Beating People Up With Jesus
I was at a family gathering today when my brother brought out his spanking new Nintendo Wii. Now I don’t generally like console games and I particularly don’t like the Wii because it defeats the purpose of video games as a whole. The ability to enjoy life as a couch potato.
So, I laid down on the sofa while everyone was jostling for position to get to try it out. I was having a good time mocking my brothers as they got their “exercise” on a video game console. After trying out a few games, the decided to give boxing a shot. That got my interest. I don’t particularly like boxing (there’s lots of things I don’t like) but on the screen where you get to choose who your boxer is, who else would be there but our beloved Jesus. That really got me in the mood. Like what better way to release some steam than to punch Jesus around. I wanted to yell, “I’ve found Jesus and he’s on the Wii!!! Wheeeeee!

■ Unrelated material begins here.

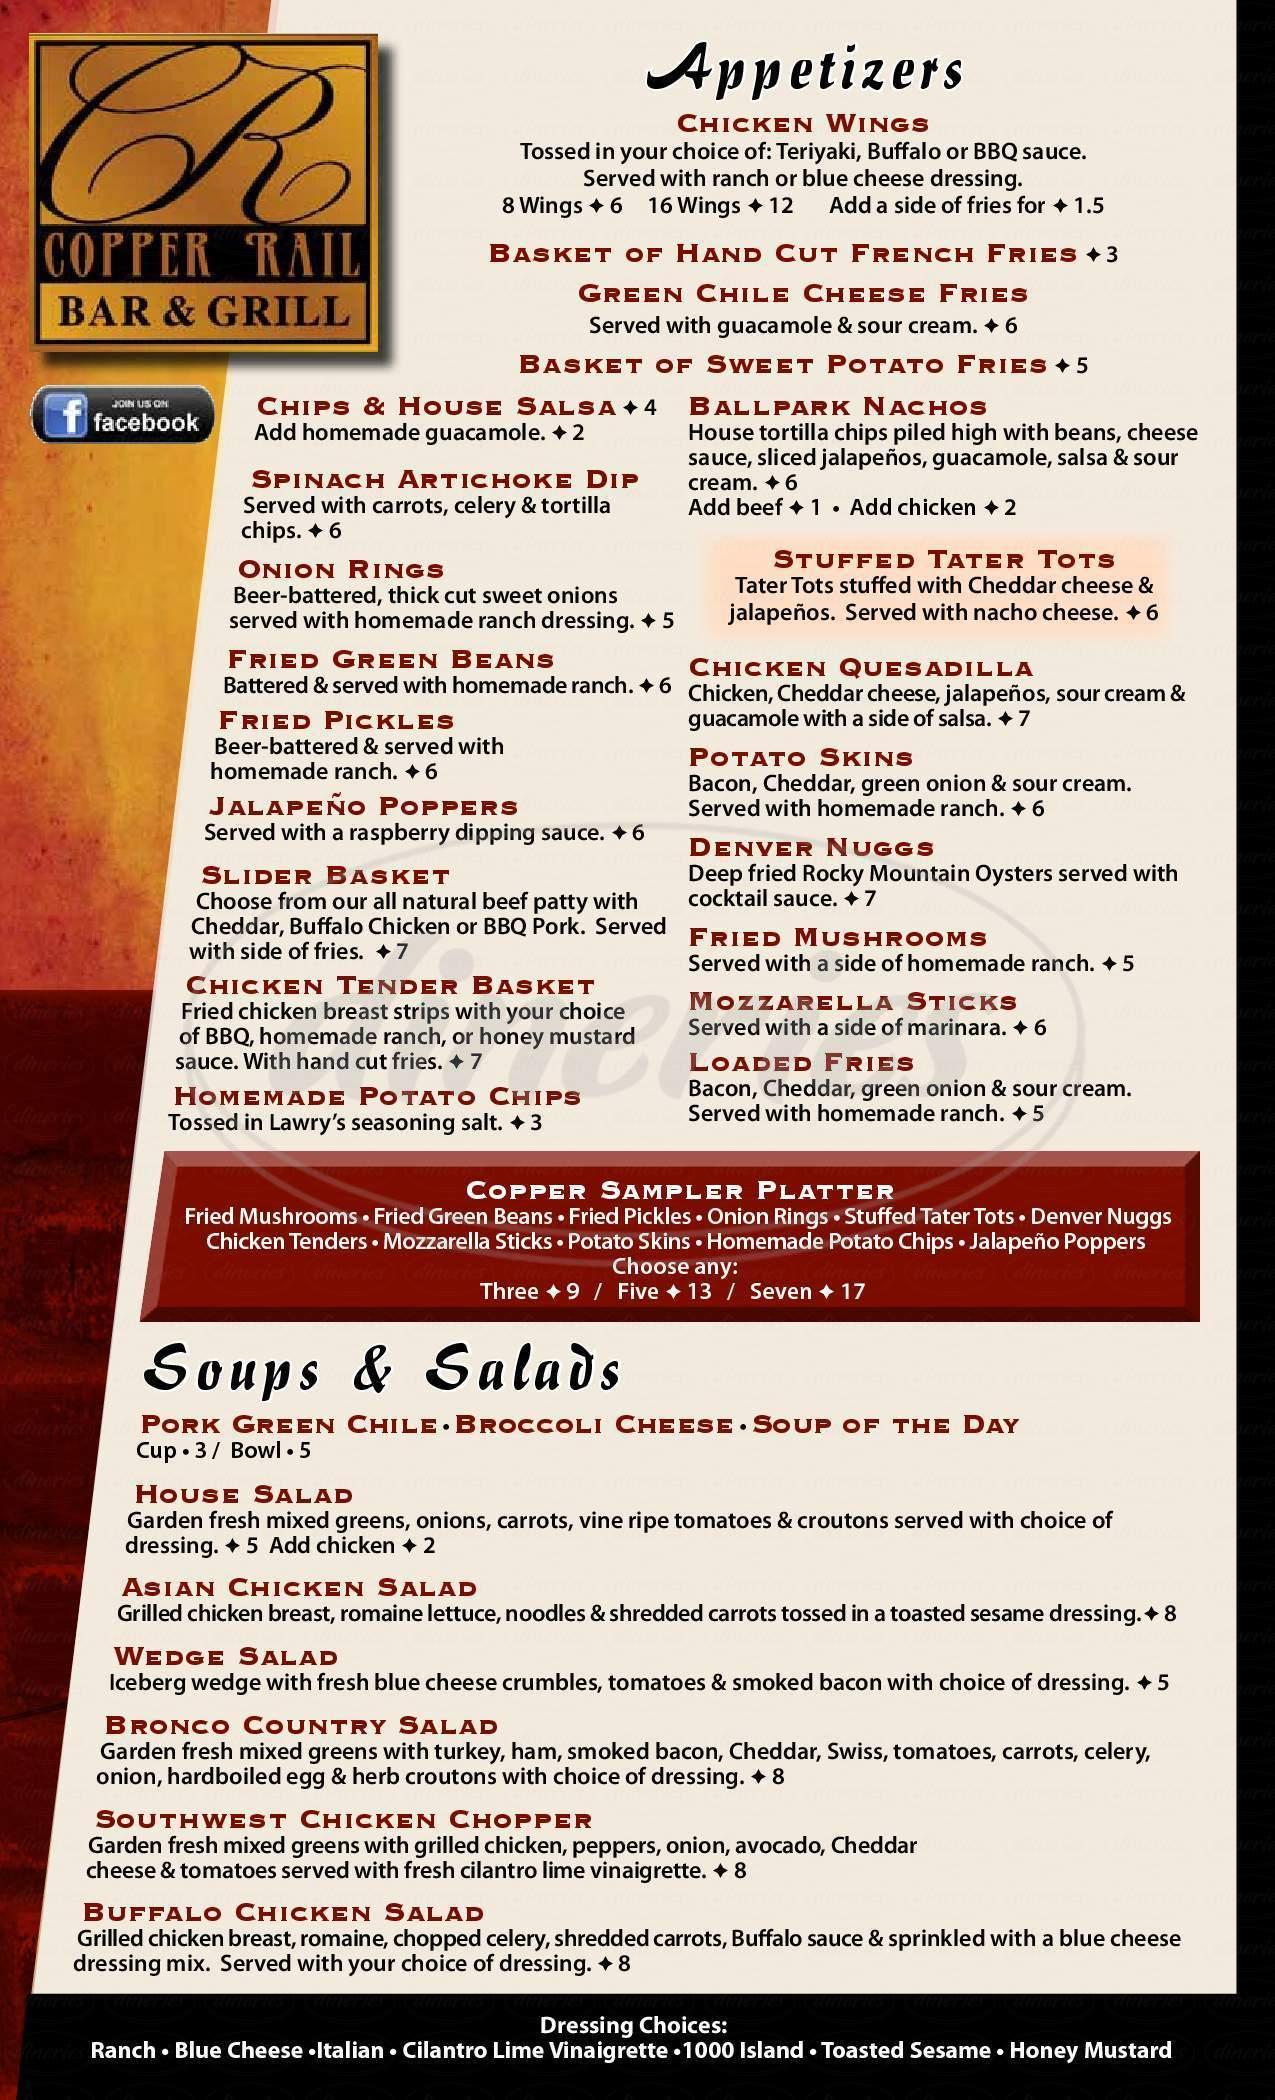 menu for Copper Rail Bar & Grill

I demanded to have a turn. Of course, this led to everyone refusing since I was lambasting the game all along. Nobody picked Jesus up, either, since all my family are pretend Christians and Catholics. I finally wrestled a controller from my younger brother for the second match. I was pitted against… my three year old niece. Bleh.
They chose some dorky looking character for her to play, even though I was asking them to give her Jesus so I could have some fun. Therefore, I chose Jesus for myself.
Round 1!!!
My niece started clobbering on Jesus, “God bless her!!!” I was having a grand time being the punching bag and cheering her on by saying, “Punch Jesus, come on, punch him some more!” My brothers tried to get to me by saying I was losing to a little girl who didn’t even know what she was doing, of course, I replied by saying, “What do you expect, I’m playing the part of some wimp who doesn’t even exist.”
Playing Jesus is fun. It’s the perfect excuse for being a loser. No wonder so many losers people cling to him.